Today HFCS is used to sweeten jams, condiments like ketchup, and soft drinks. It is also a favorite ingredient in many so-called health foods. Four companies control 85 percent of the $2.6 billion business--Archer Daniels Midland, Cargill, Staley Manufacturing Co. and CPC International. In the mid-1990s, ADM was the object of an FBI probe into price fixing of three products--HFCS, citric acid and lysine--and consumers got a glimpse of the murky world of corporate manipulation.

There's a couple of other murky things that consumers should know about HFCS. According to a food technology expert, two of the enzymes used, alpha-amylase and glucose-isomerase, are genetically modified to make them more stable.

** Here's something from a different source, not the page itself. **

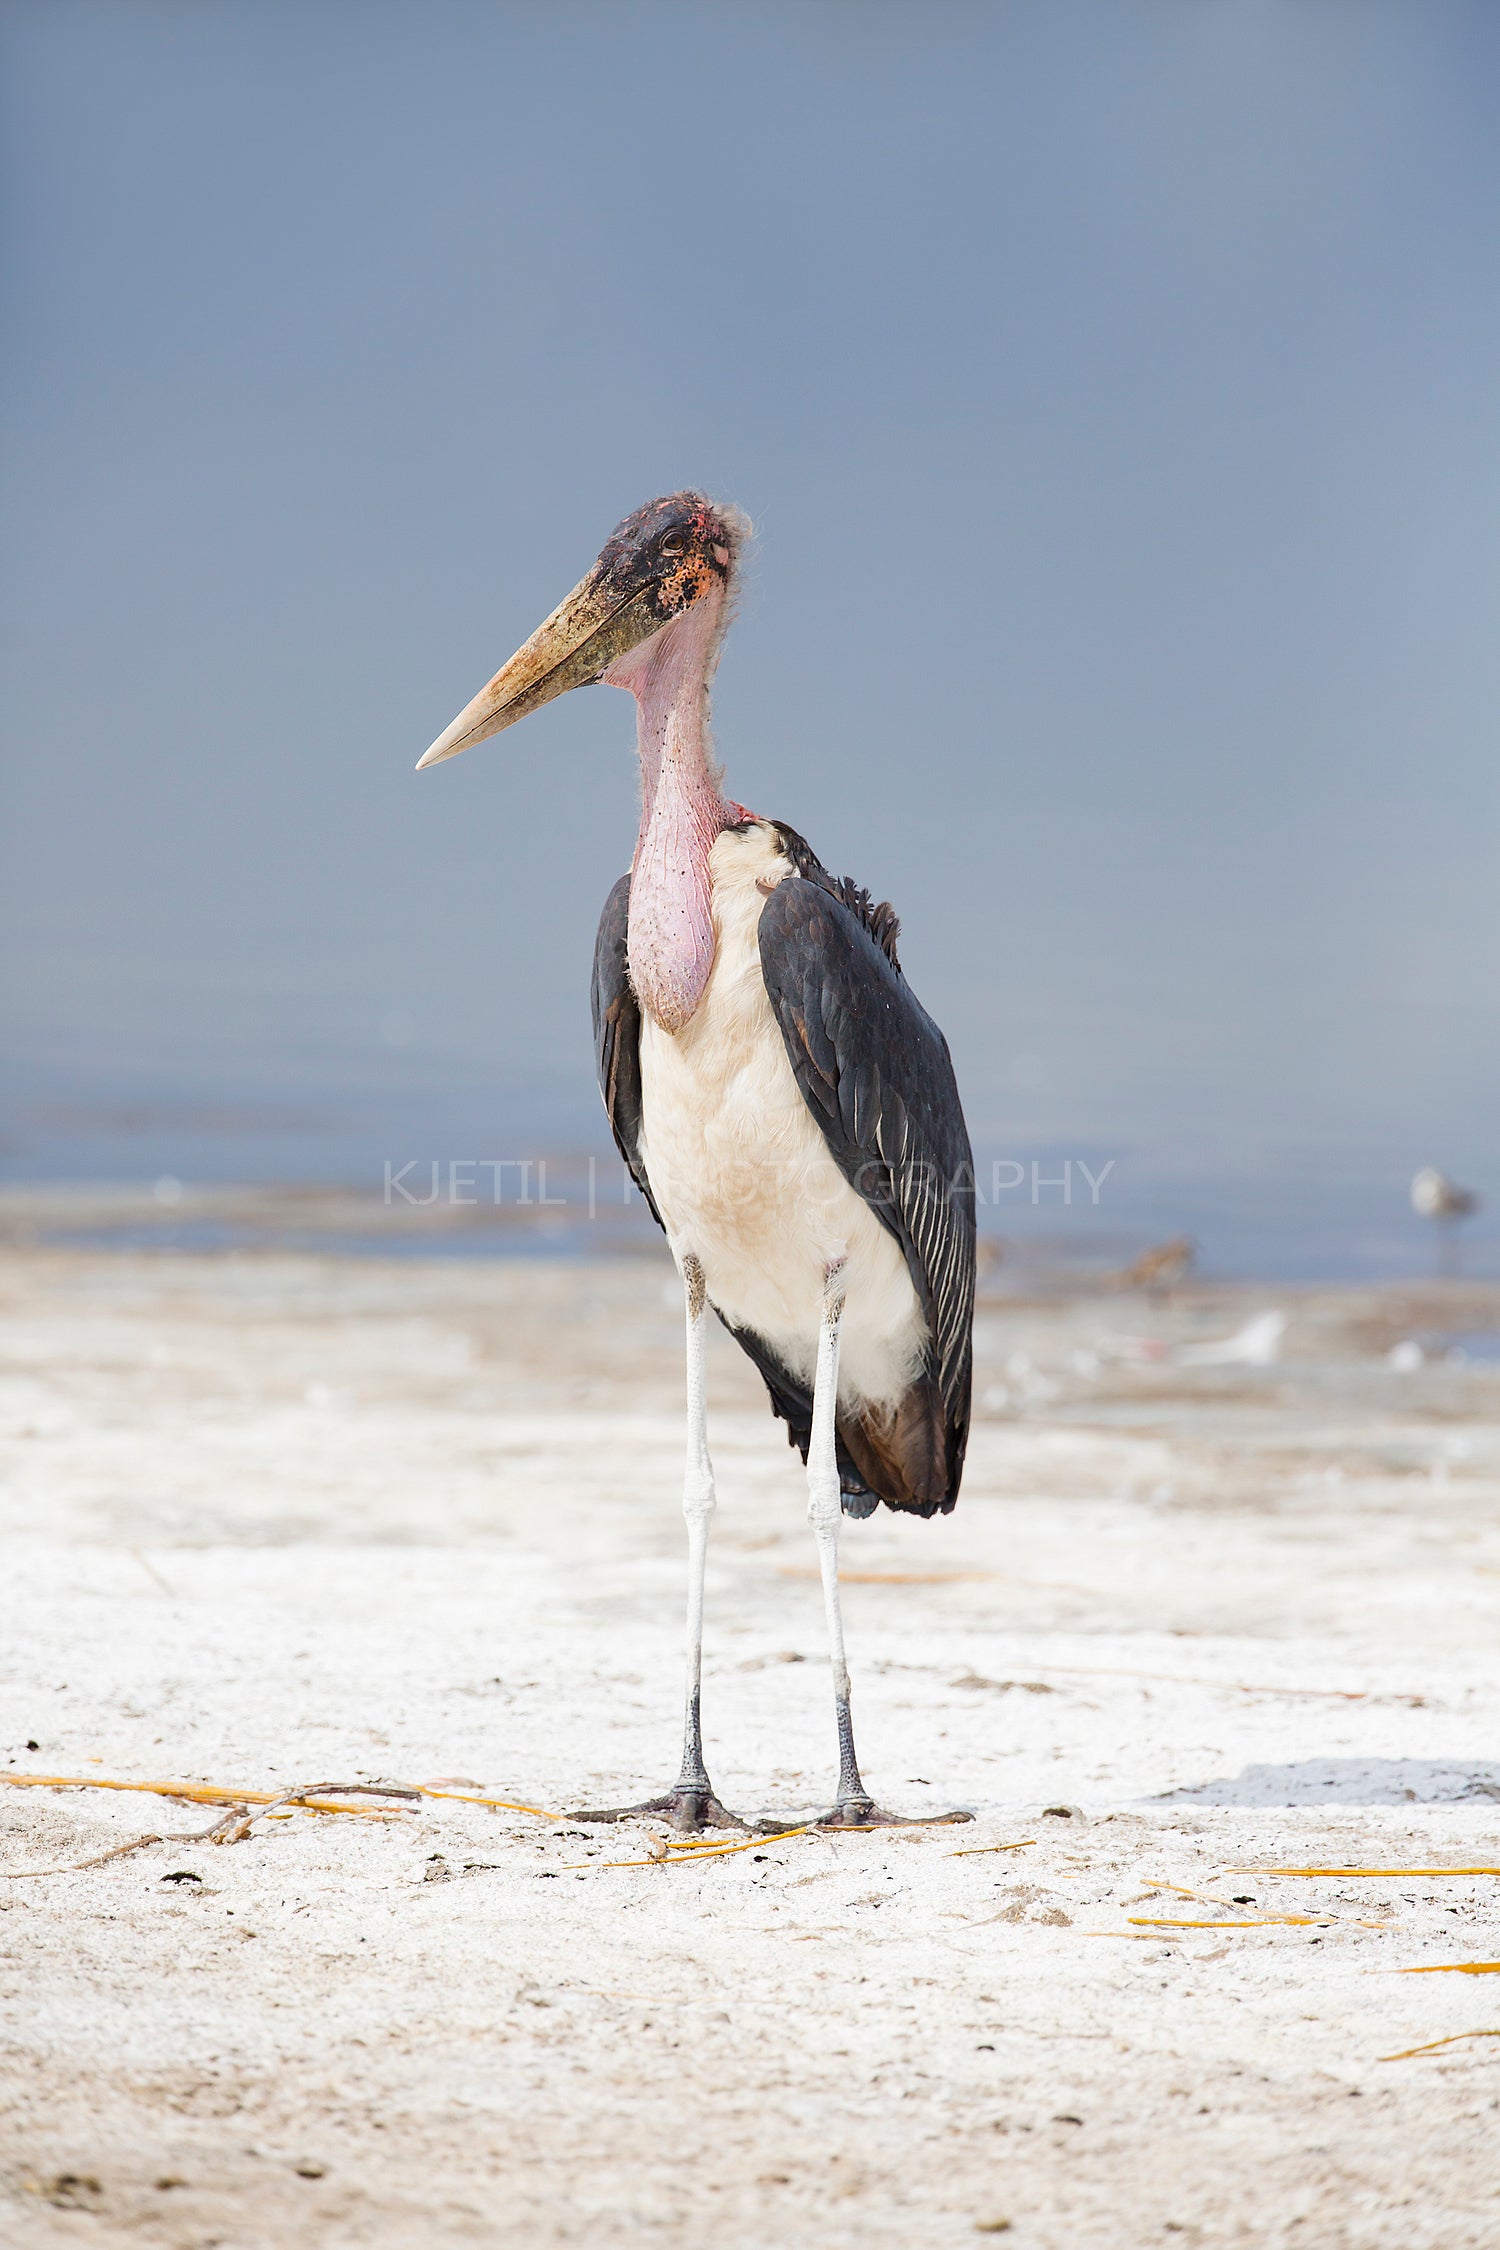 Marabou stork in Africa

Enzymes are actually very large proteins and through genetic modification specific amino acids in the enzymes are changed or replaced so the enzyme's "backbone" won't break down or unfold. This allows the industry to get the enzymes to higher temperatures before they become unstable.

Consumers trying to avoid genetically modified foods should avoid HFCS. It is almost certainly made from genetically modified corn and then it is processed with genetically modified enzymes. I've seen some estimates claiming that virtually everything--almost 80 percent--of what we eat today has been genetically modified at some point. Since the use of HFCS is so prevalent in processed foods, those figures may be right.

But there's another reason to avoid HFCS. Consumers may think that because it contains fructose--which they associate with fruit, which is a natural food--that it is healthier than sugar.
A team of investigators at the USDA, led by Dr. Meira Field, has discovered that this just ain't so.Sucrose is composed of glucose and fructose. When sugar is given to rats in high amounts, the rats develop multiple health problems, especially when the rats were deficient in certain nutrients, such as copper. The researchers wanted to know whether it was the fructose or the glucose moiety that was causing the problems. So they repeated their studies with two groups of rats, one given high amounts of glucose and one given high amounts of fructose. The glucose group was unaffected but the fructose group had disastrous results. The male rats did not reach adulthood. They had anemia, high cholesterol and heart hypertrophy--that means that their hearts enlarged until they exploded. They also had delayed testicular development. Dr. Field explains that fructose in combination with copper deficiency in the growing animal interferes with collagen production. (Copper deficiency, by the way, is widespread in America.) In a nutshell, the little bodies of the rats just fell apart. The females were not so affected, but they were unable to produce live young."

The medical profession thinks fructose is better for diabetics than sugar," says Dr. Field, "but every cell in the body can metabolize glucose. However, all fructose must be metabolized in the liver. The livers of the rats on the high fructose diet looked like the livers of alcoholics, plugged with fat and cirrhotic."HFCS contains more fructose than sugar and this fructose is more immediately available because it is not bound up in sucrose. Since the effects of fructose are most severe in the growing organism, we need to think carefully about what kind of sweeteners we give to our children.

Interestingly, although HFCS is used in many products aimed at children, it is not used in baby formula, even though it would probably save the manufactueres a few pennies for each can.Do the formula makers know something they aren't telling us? Pretty murky!